─── SOURCE DATA ───

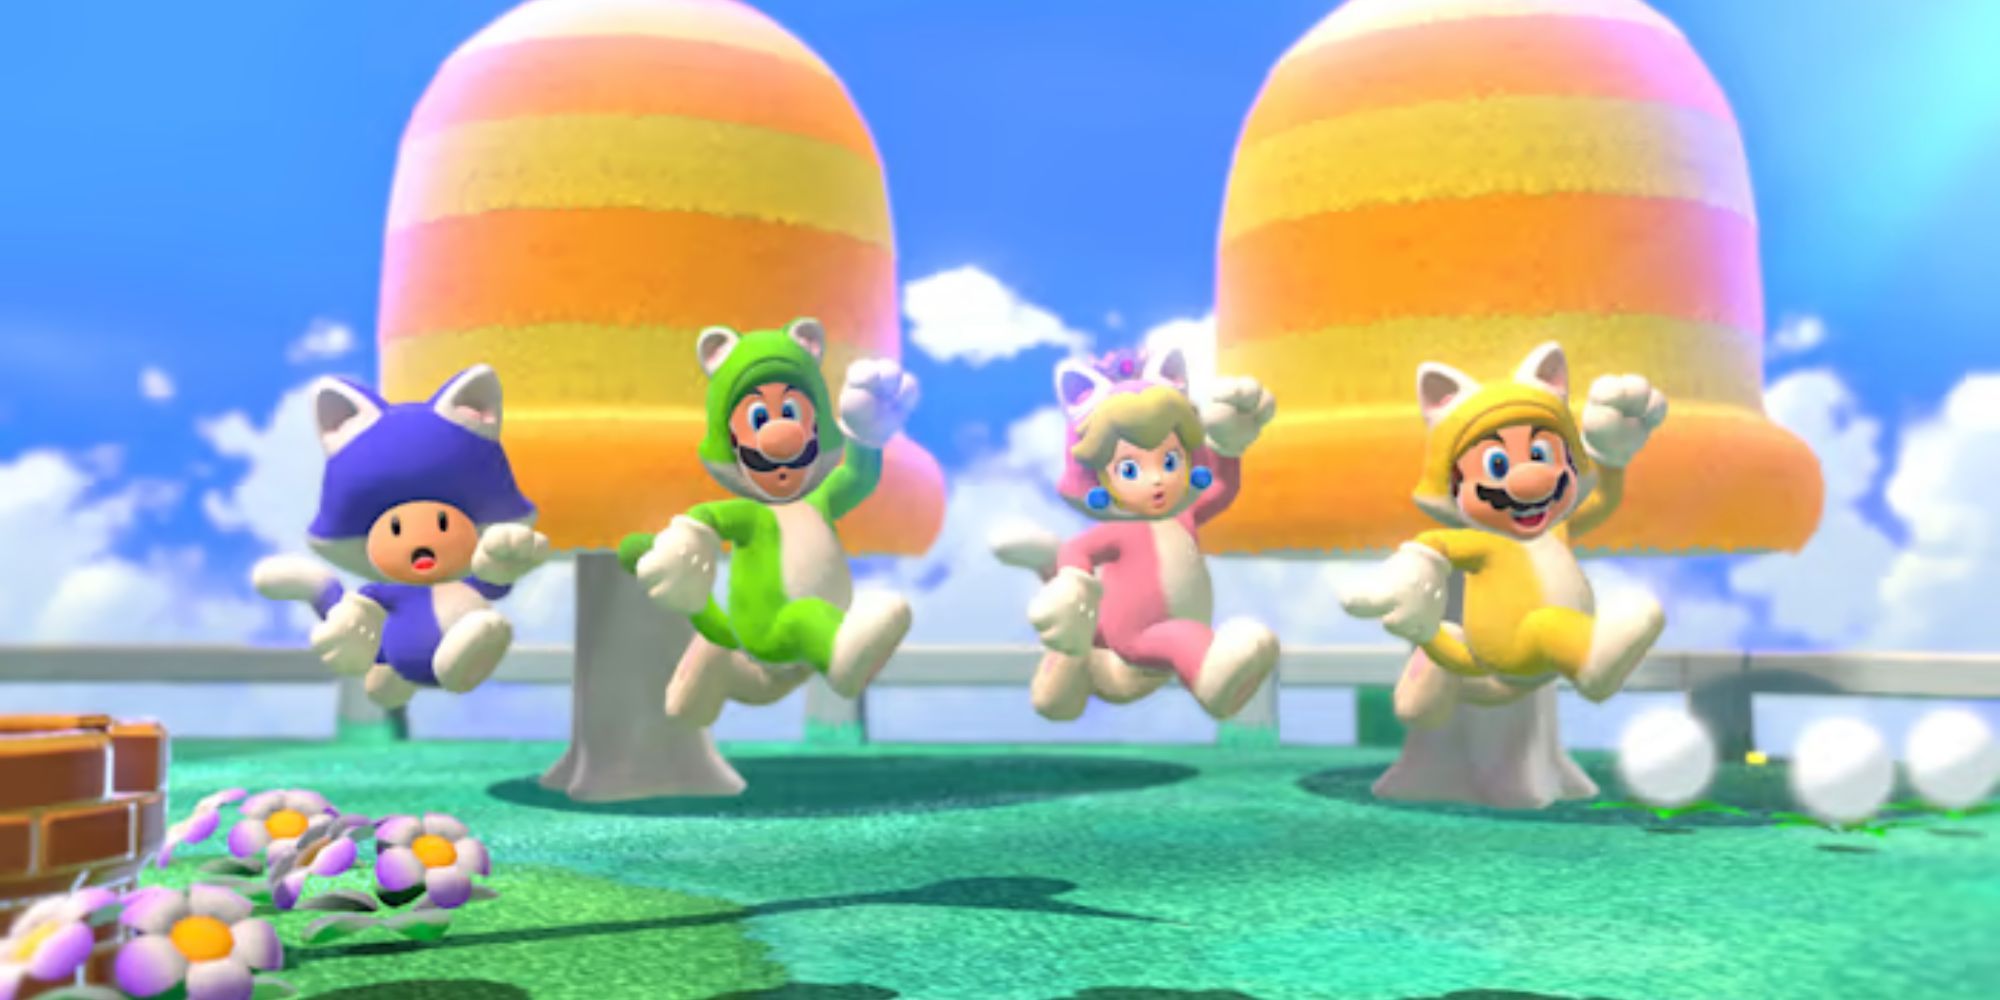 Cat Toad, Cat Luigi, Cat Peach, and Cat Mario jump after clearing a level
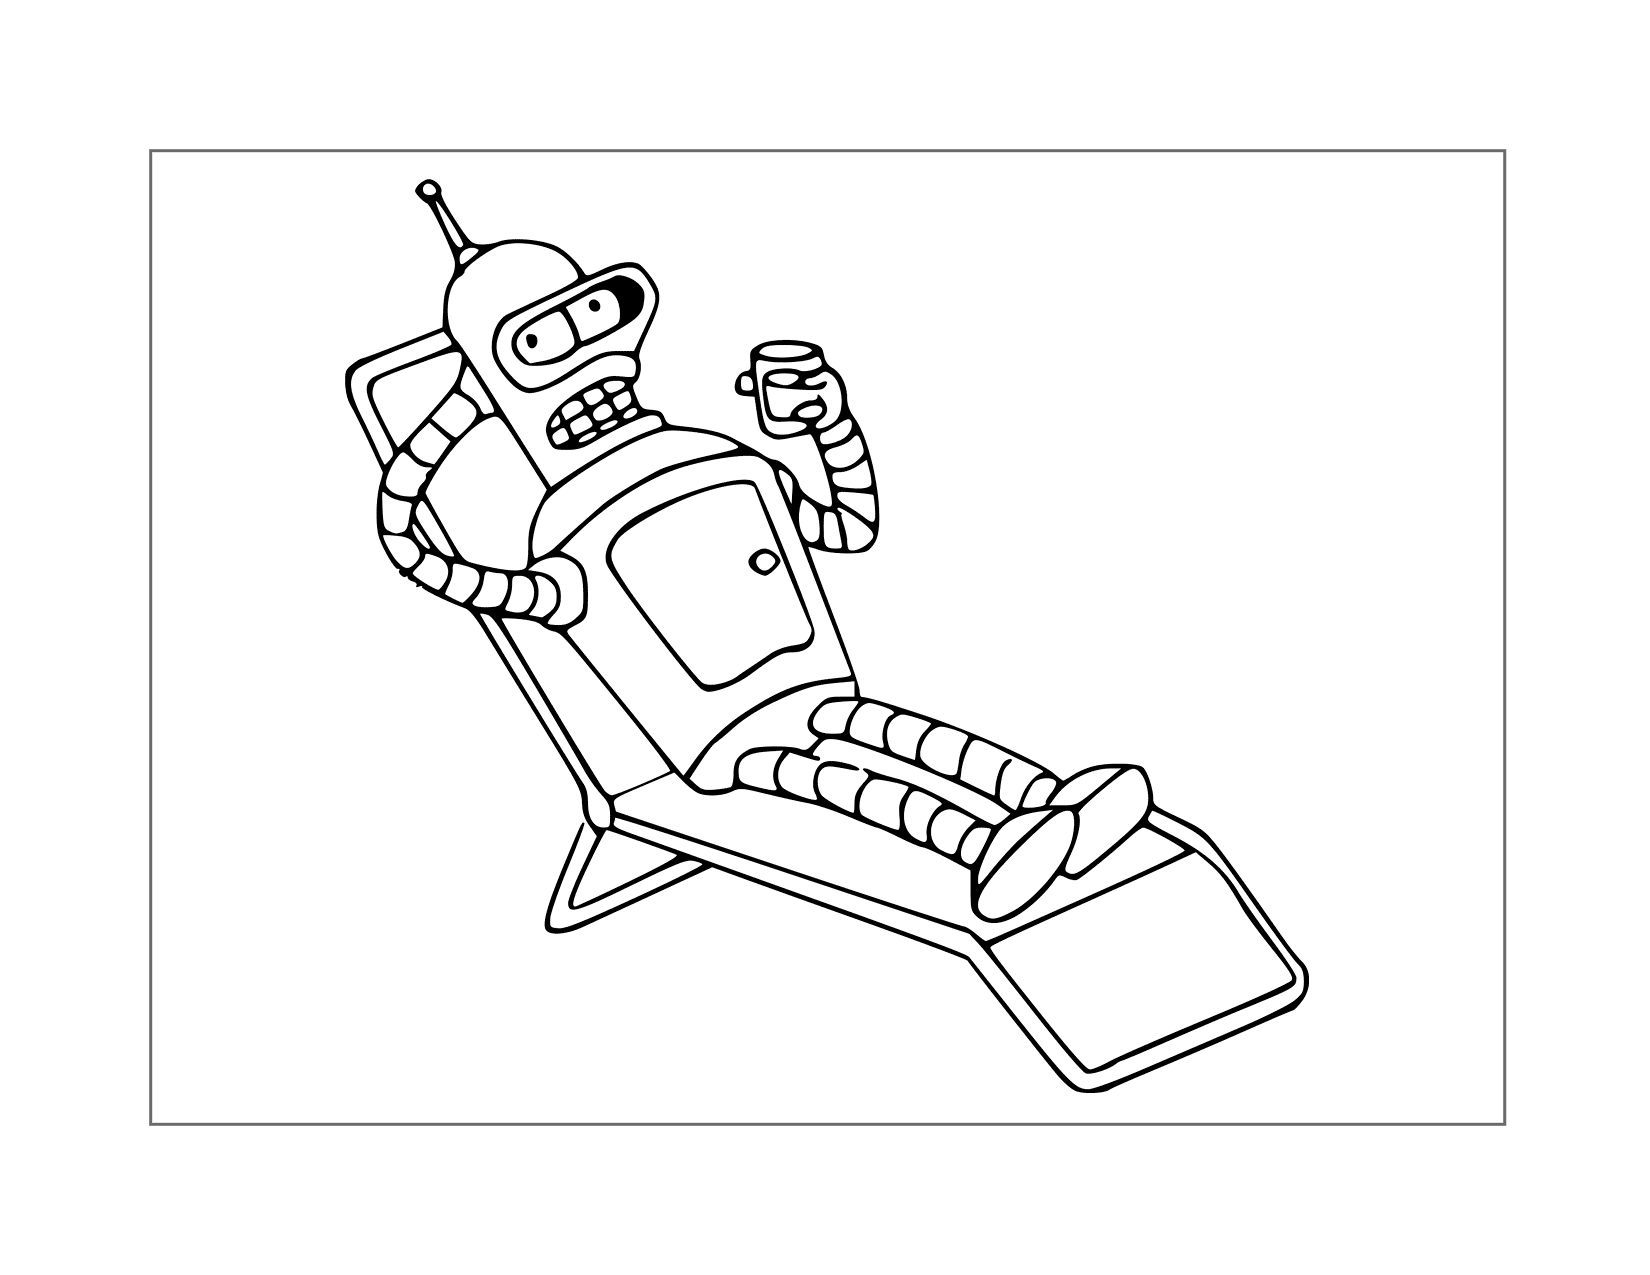 Bender In Lounge Chair Coloring Page
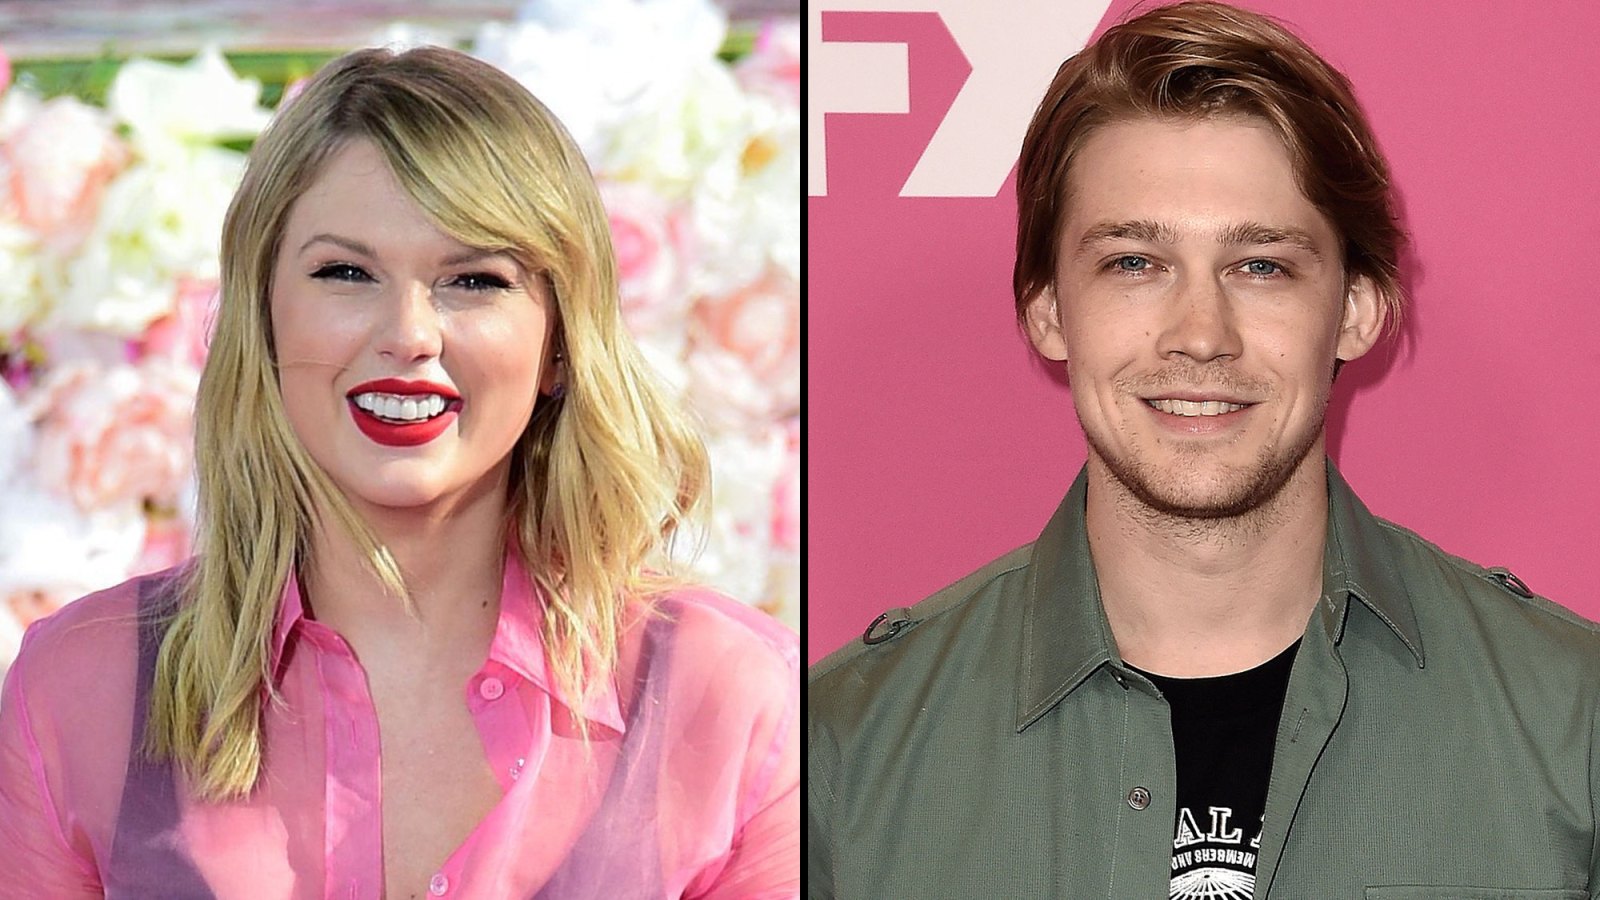 Taylor Swift Explains Why Her Relationship With Boyfriend Joe Alwyn 'Isn't Up for Discussion'

───

Using the listing above, copy exactly the lines from the one that contains "Bender In Lounge Chair Coloring Page" through its last line, both included, but not the pictures.

 Bender In Lounge Chair Coloring Page
 Taylor Swift Explains Why Her Relationship With Boyfriend Joe Alwyn 'Isn't Up for Discussion'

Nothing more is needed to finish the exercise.